══ DATA BELOW ══

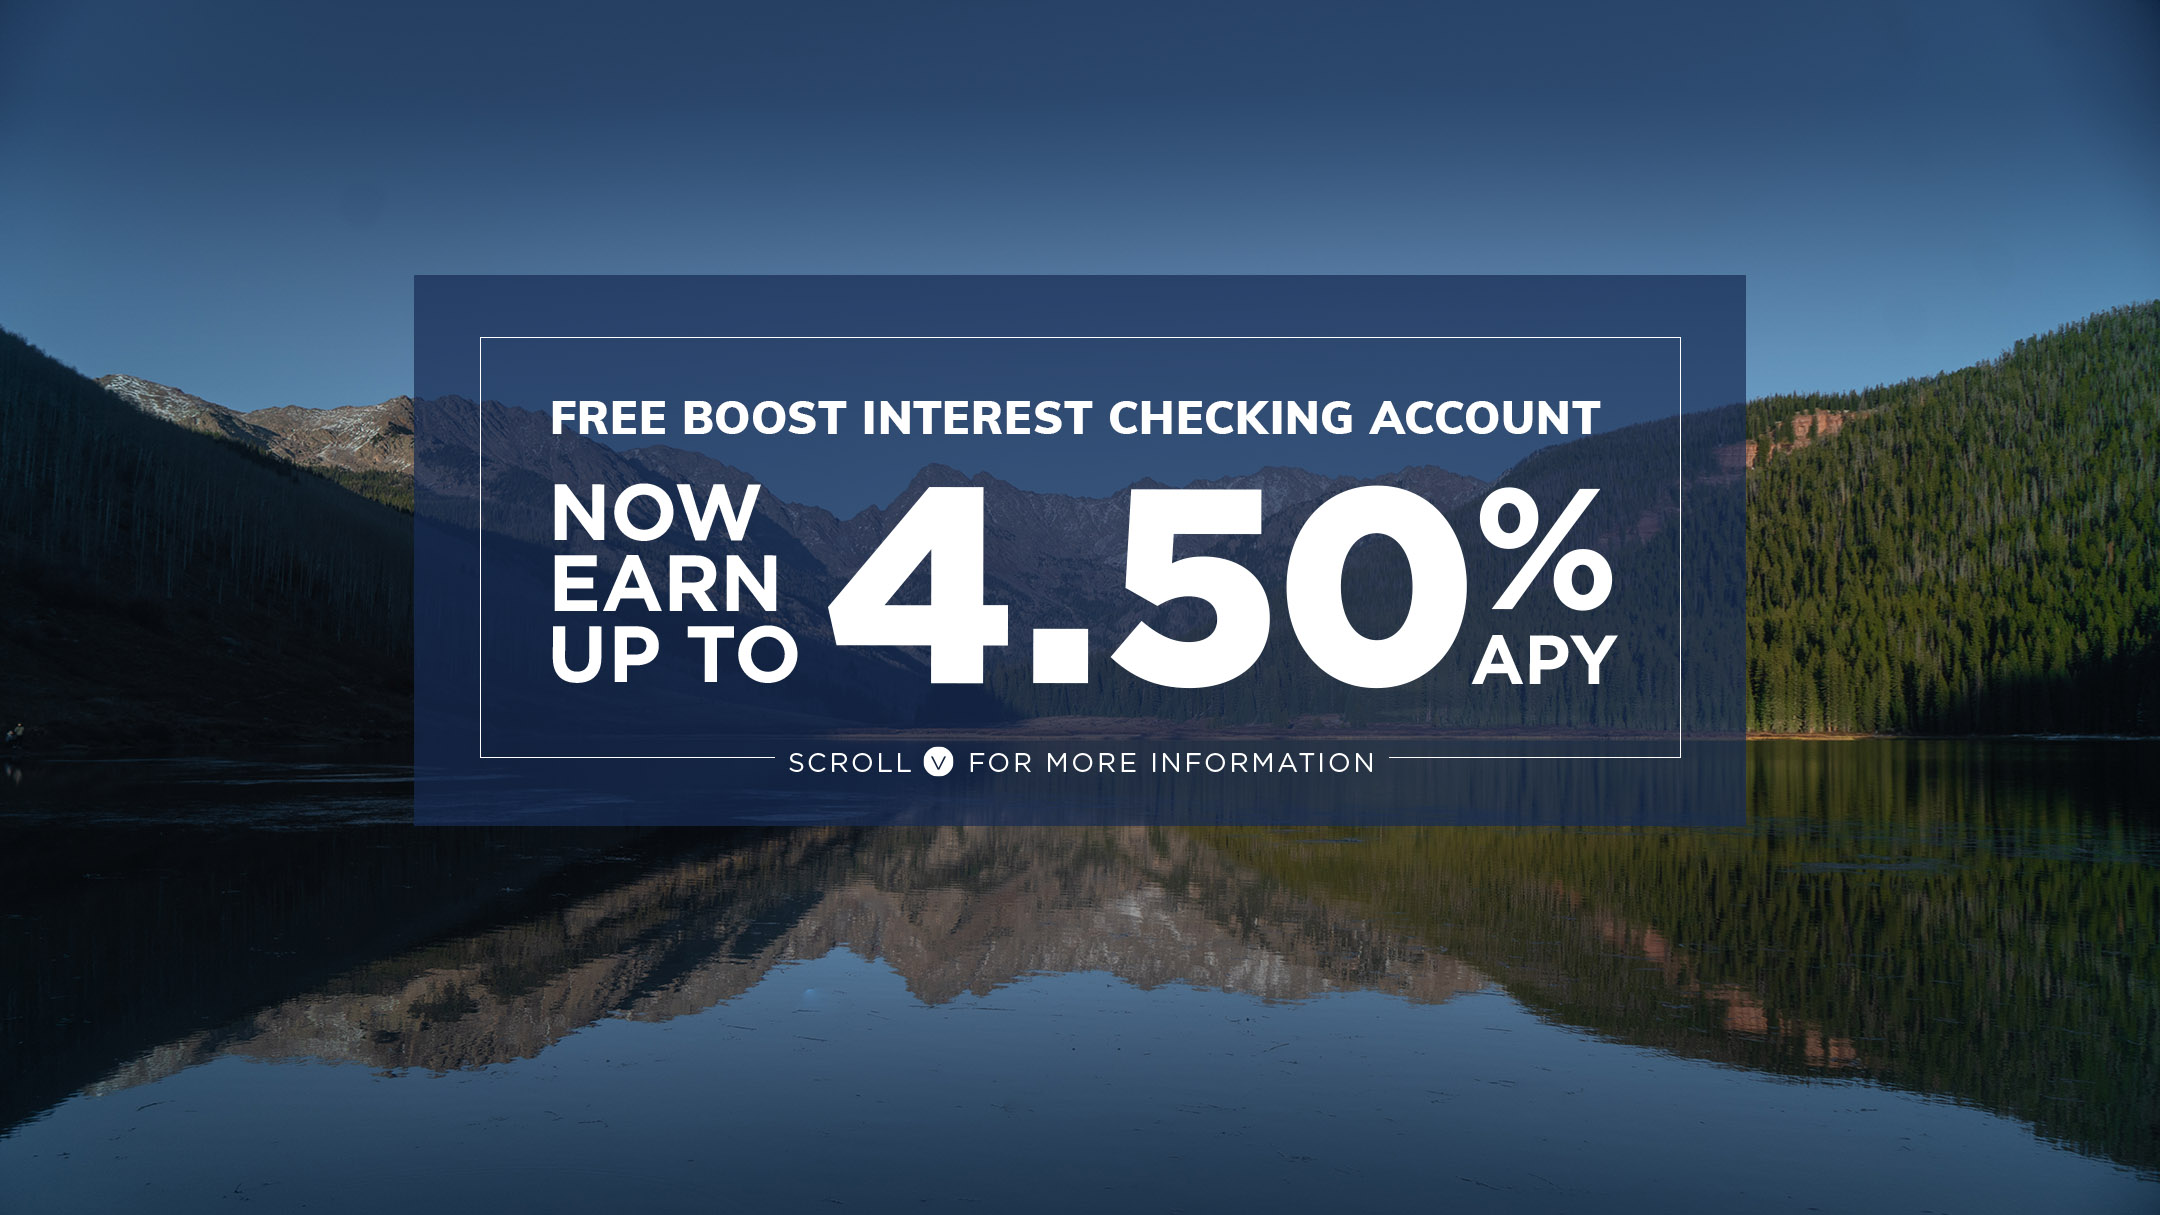 Free Boost Interest Checking Account. Now earn up to 4.50% APY. Scroll down for more information.
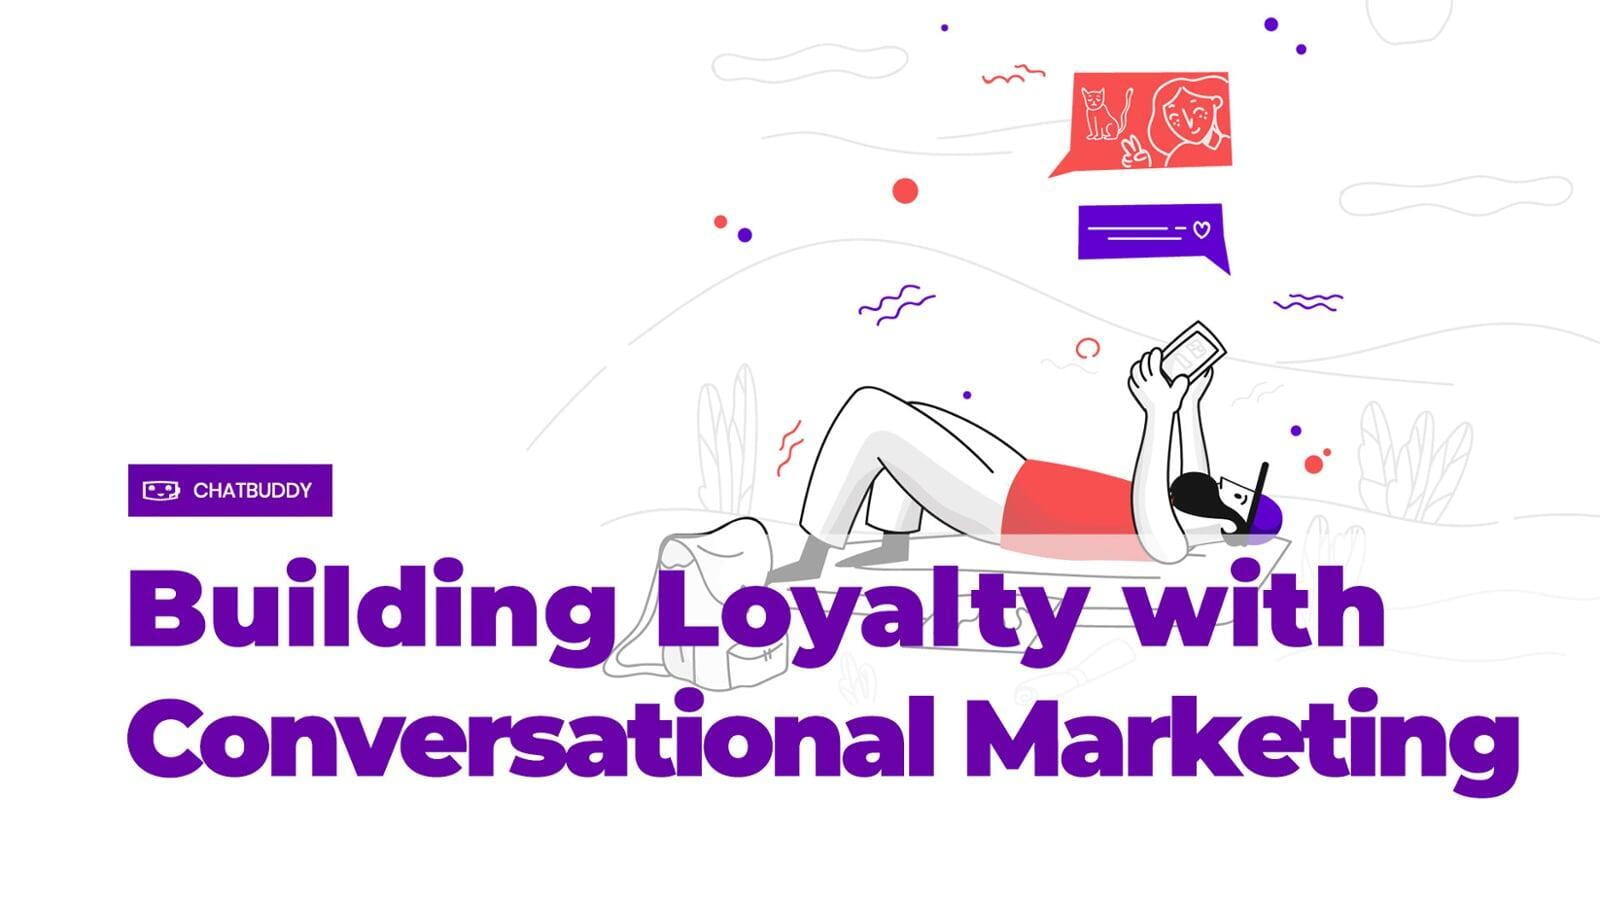 Building Loyalty with Conversational Marketing
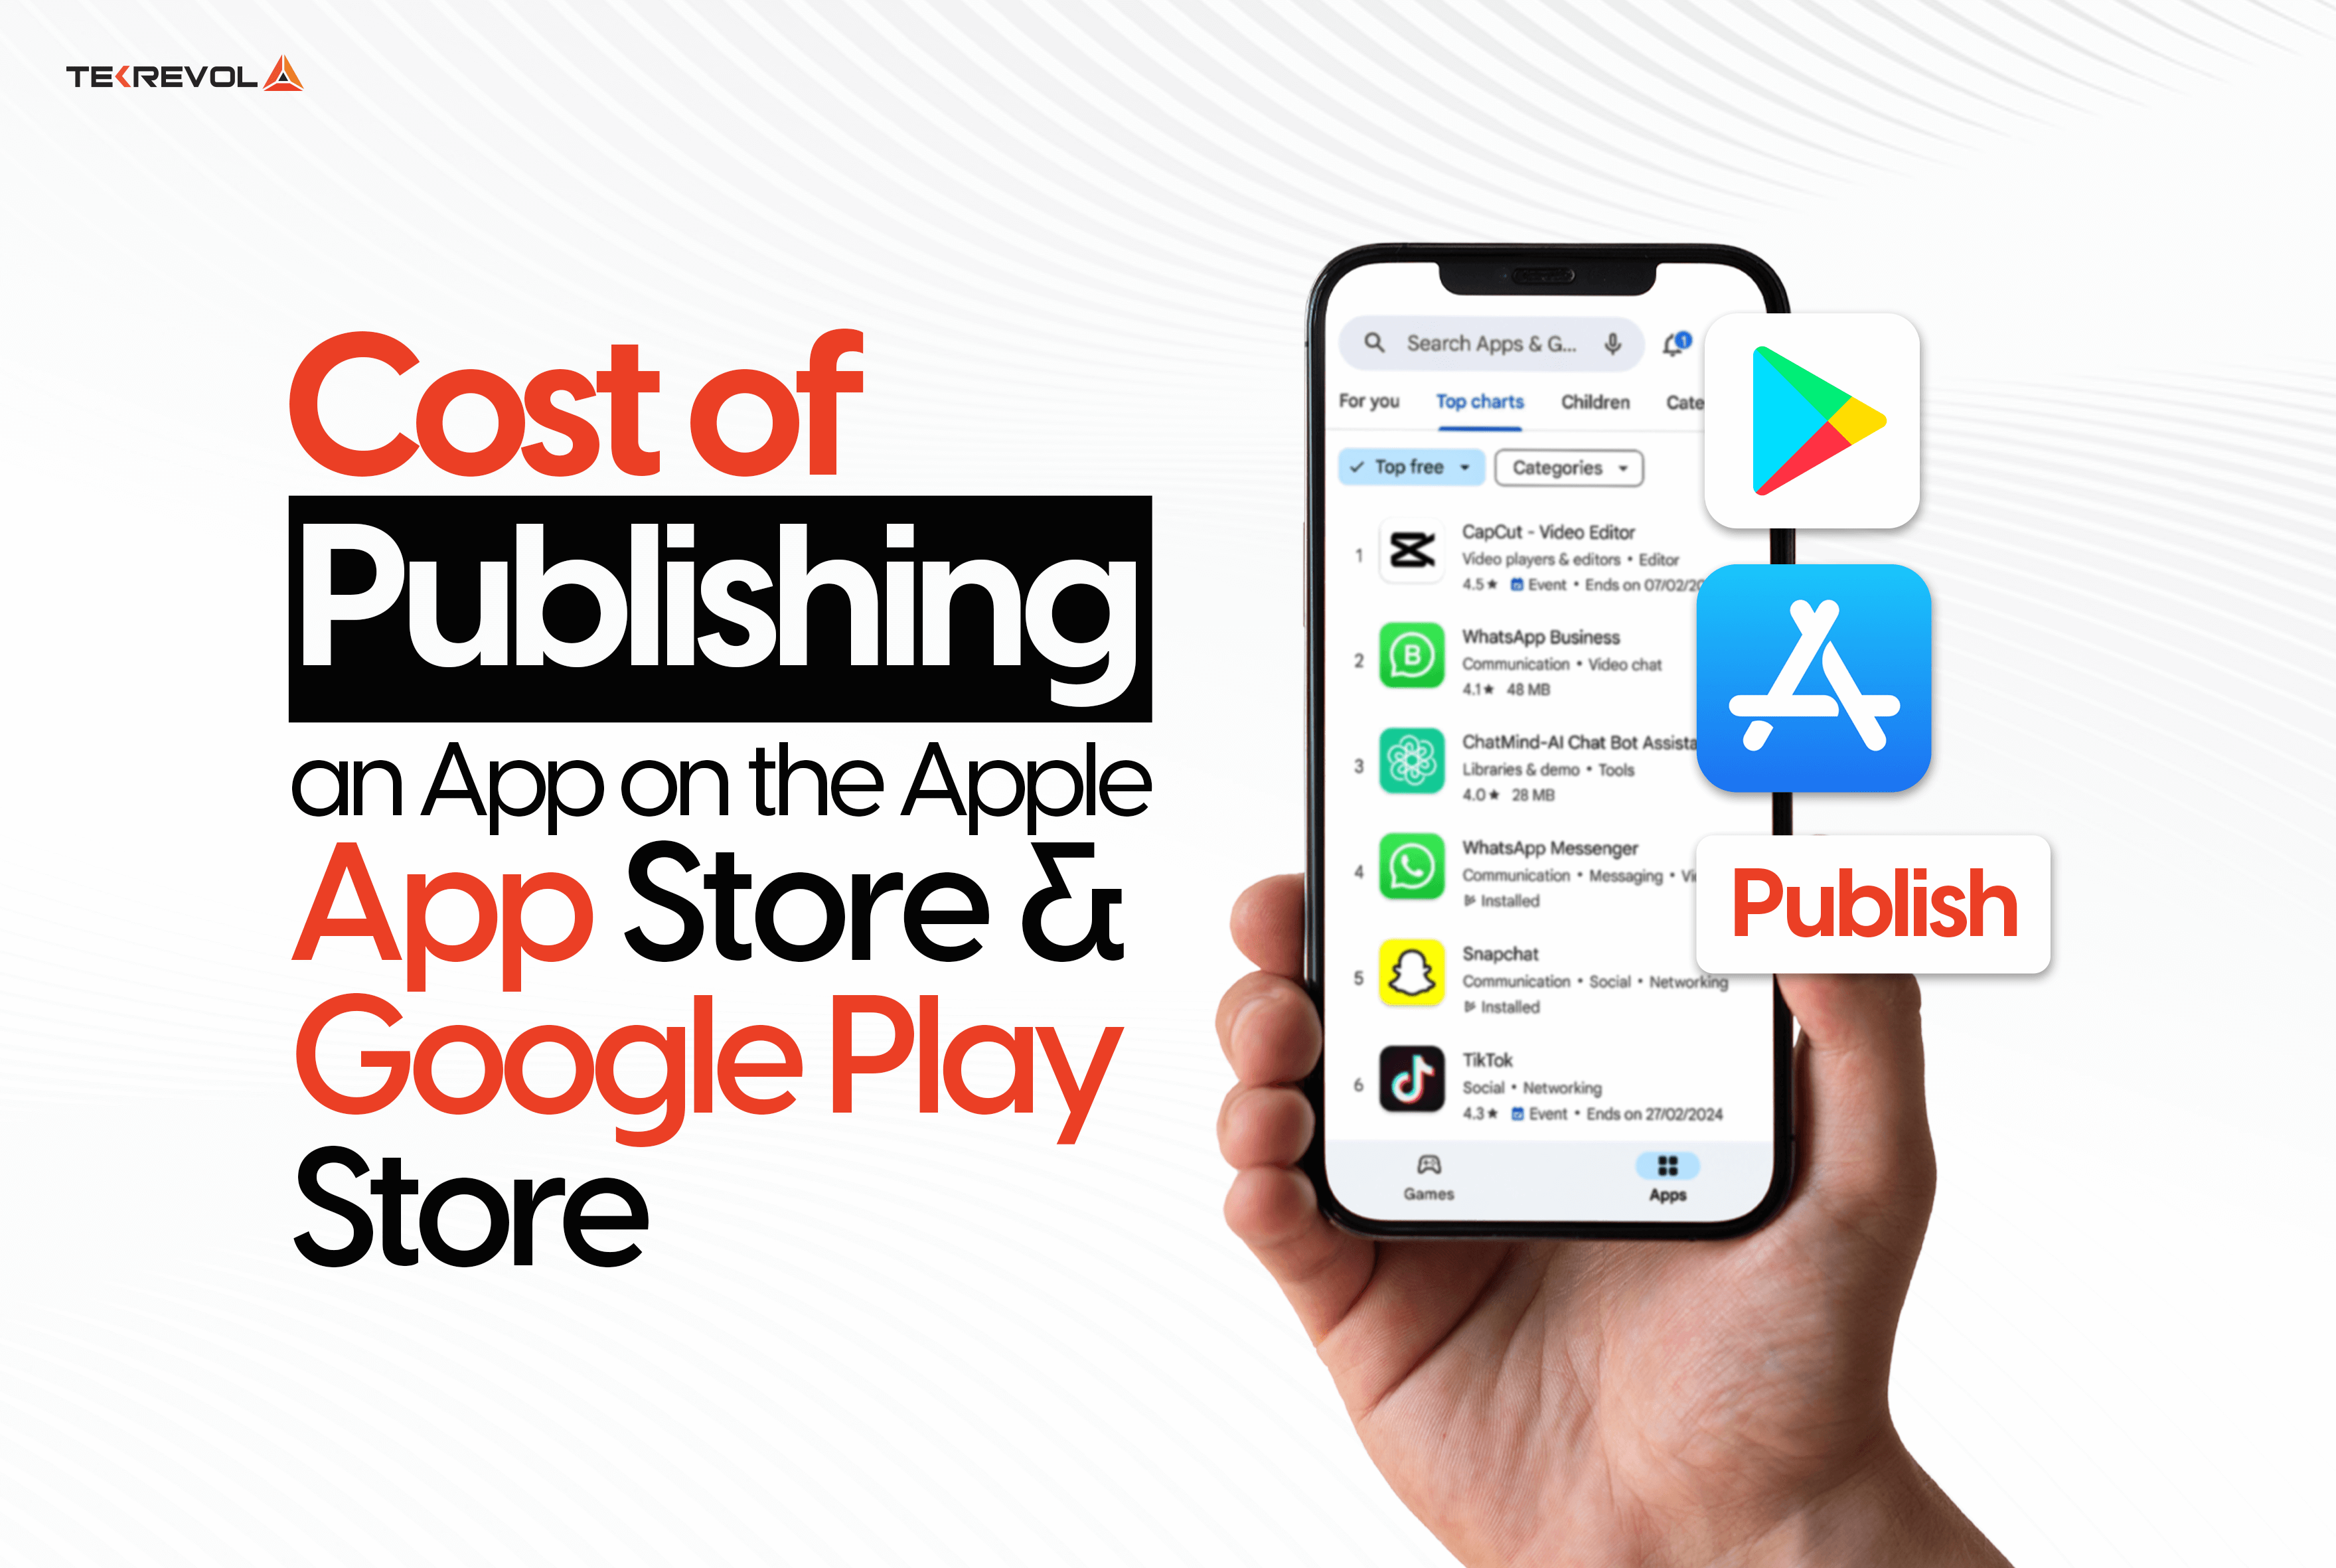 Cost-of-Publishing-an-App-on-the-Apple-App-Store-and-Google-Play-Store

═══

= WHAT TO WORK ON =
Give back the whole listing exactly as it stands. No pictures belong in the copy.

= WRITTEN SOLUTION =
 Free Boost Interest Checking Account. Now earn up to 4.50% APY. Scroll down for more information.
 Building Loyalty with Conversational Marketing
 Cost-of-Publishing-an-App-on-the-Apple-App-Store-and-Google-Play-Store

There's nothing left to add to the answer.